As soon as the decision to move is made, there are major considerations which need to be examined.These could have a major impact on the well being of your dog and possibly even whether they survive the move.
Since a dog cannot ask questions to obtain re-assurance, we need to manage their environment well in order to provide it. For each of the following areas of concern, ask your self what the differences will be.
Write them out, review them, add more detail and then examine how you can prepare for and/or minimize the stress on your 4-legged companion.
Make sure you do this if you move to another area of your province or within Canada. Do it even if your move is within the same block. The noises, traffic flow and surrounding people will be different. Our great geographical, social and cultural diversity cannot be minimized.
Areas of concern
1. How major a change will there be?
- Size of the house, types of flooring
- Location of the dog's bed/rest or time out area, play area and poop area
Source of food:
- If you feed a special diet, who in the area could provide it?

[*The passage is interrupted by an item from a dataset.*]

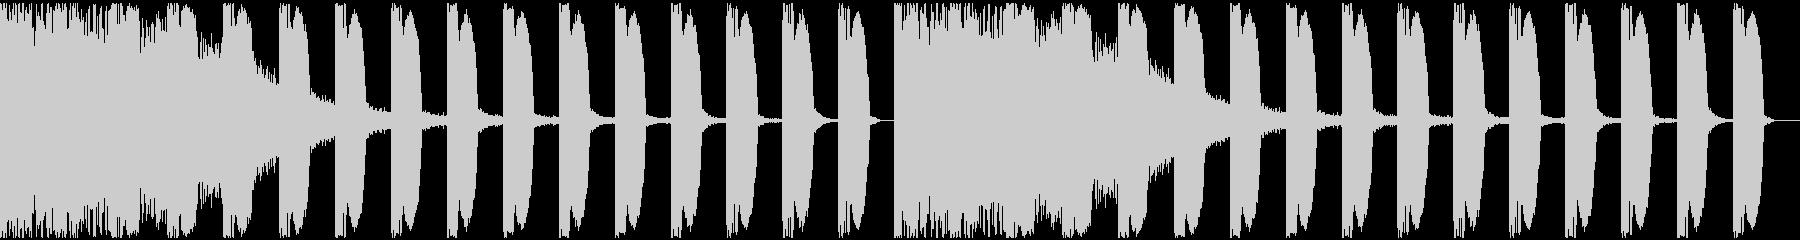 【EDM】ロング9、ジングル1の未再生の波形

- Which pet supply has fresh quality kibble?
- Major seasonal differences - Will there be more rain, mud, cold winds, dry heat, etc?
- Will you be in an urban, semi-urban or rural area?
- Amount of vehicle traffic, high traffic noise and the time of day they occur
- Will there be sirens or trains for the dogs to howl at?
- Will there be neighbours with dogs? What attitudes will they have? Is there an anti-dog lobby
- In the new area or are there any anti-dog political issues?
- Issues with licensing or even breed impact on your house insurance How will the climate / weather affect your dog? e.g. frost bite, heat stroke
- Wild animals -Coyotes can snatch dogs dogs being walked in your area? Are they on lead or allowed to run about?
- Is there a prevalence for fleas, ticks, heart worm, or certain viruses in different seasons?
2. What will the dog's support be?
- Can your current veterinarian service recommend one in the new area? If not, check with other dog people in the new location or go to www.canuckdogs.com to ask the list.
- Who in the new area has the same breed?
- Are there any breeders nearby and are they receptive to becoming a resource?
- Find trainers with positive methods and breed familiarity. Ensure that trainers don't see a "Terrier" and immediately expect stubbornness and dog aggression.
- Are there dog clubs or gyms where you can go and play constructively?
- Are there dog clubs you could join to meet people and have fun with your pet?
3. Pet Packing
Prepare for your travels with your pooch for a fun and safe time.
- Make sure vaccinations are up-to-date. keep medical records and medicines handy, and up date the ID tag with a cell phone number.
- Take along plenty of bottled water. the water at your destination may upset your dog's system.
- Take a favorite toy.
- Always keep your dog on a sturdy Ieash,and
- Carry a picture of your pet in case of loss.
Once these topics have been covered, you then need to plan for exact packing and moving strategies. All must be done to ensure a minimum of anxiety for your pet.
Remember that you will be stressed with everything that surrounds the move and so will your dog. It cannot ask questions to get reassurance; therefore, you need to manage their environment in order to provide it. Once you have covered all the bases, you and Fido will be better prepared to enjoy the move.